[Start of Attachment]
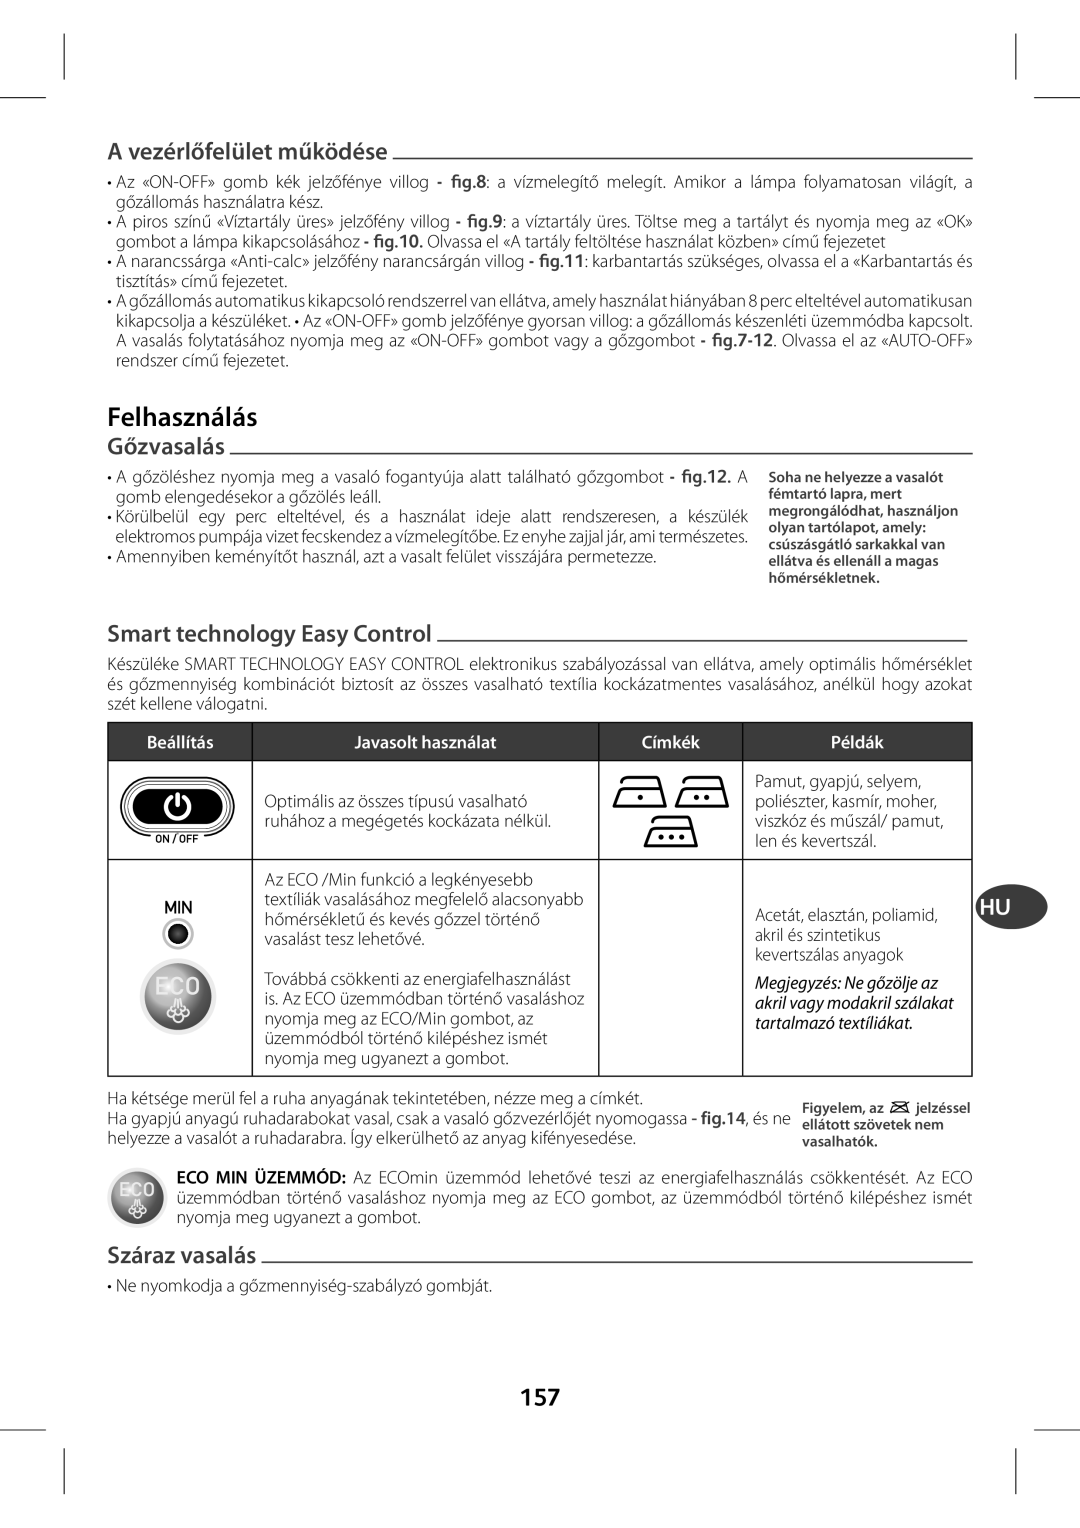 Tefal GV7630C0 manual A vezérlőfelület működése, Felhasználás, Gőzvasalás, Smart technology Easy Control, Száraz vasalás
[End of Attachment]
[Start of Attachment]
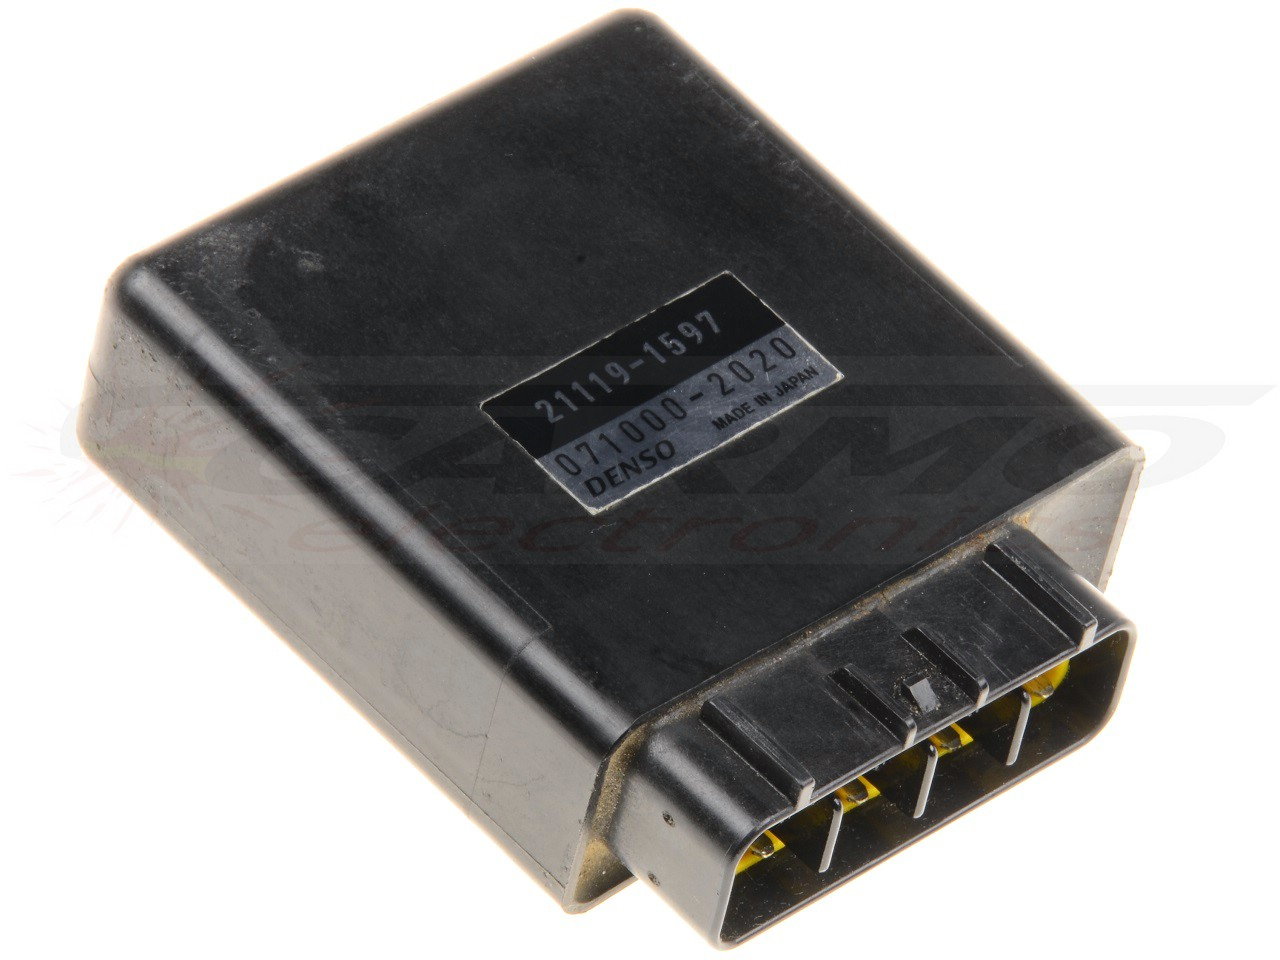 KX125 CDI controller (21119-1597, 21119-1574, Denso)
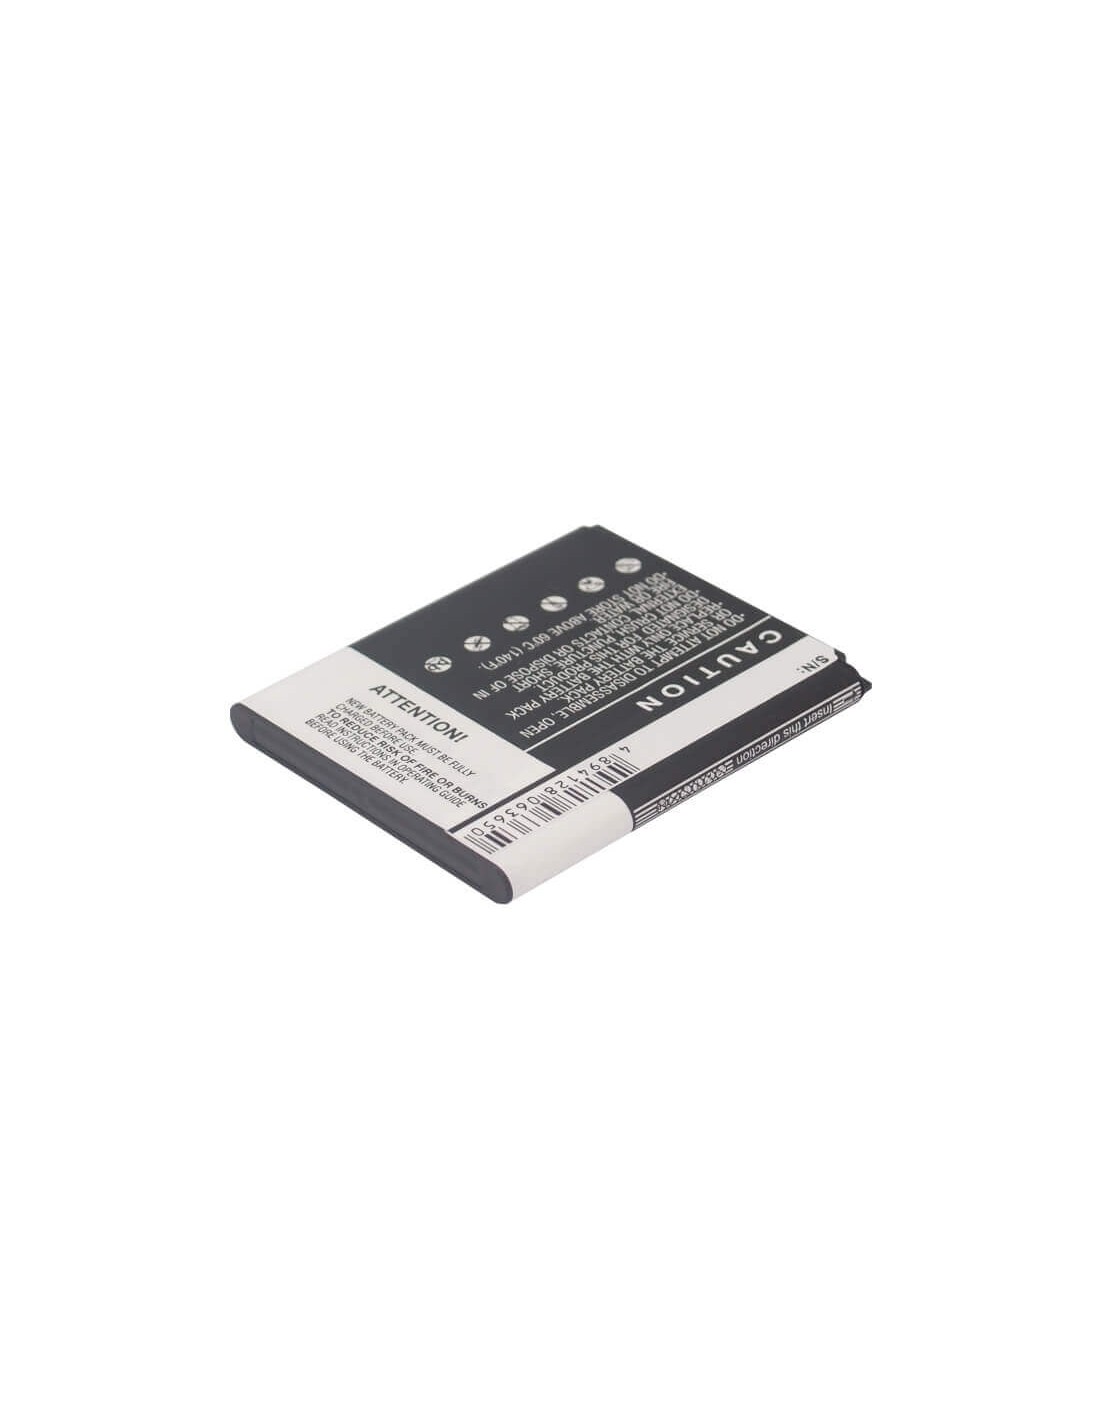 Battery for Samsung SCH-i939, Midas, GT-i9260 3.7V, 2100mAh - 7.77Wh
[End of Attachment]
● Action item
Would you give again, exactly, the lines in the data above that run from the line containing "KX125 CDI controller" to the line containing "Battery for Samsung"? Include both ends and no pictures.

● Response to the task
 KX125 CDI controller (21119-1597, 21119-1574, Denso)
 Battery for Samsung SCH-i939, Midas, GT-i9260 3.7V, 2100mAh - 7.77Wh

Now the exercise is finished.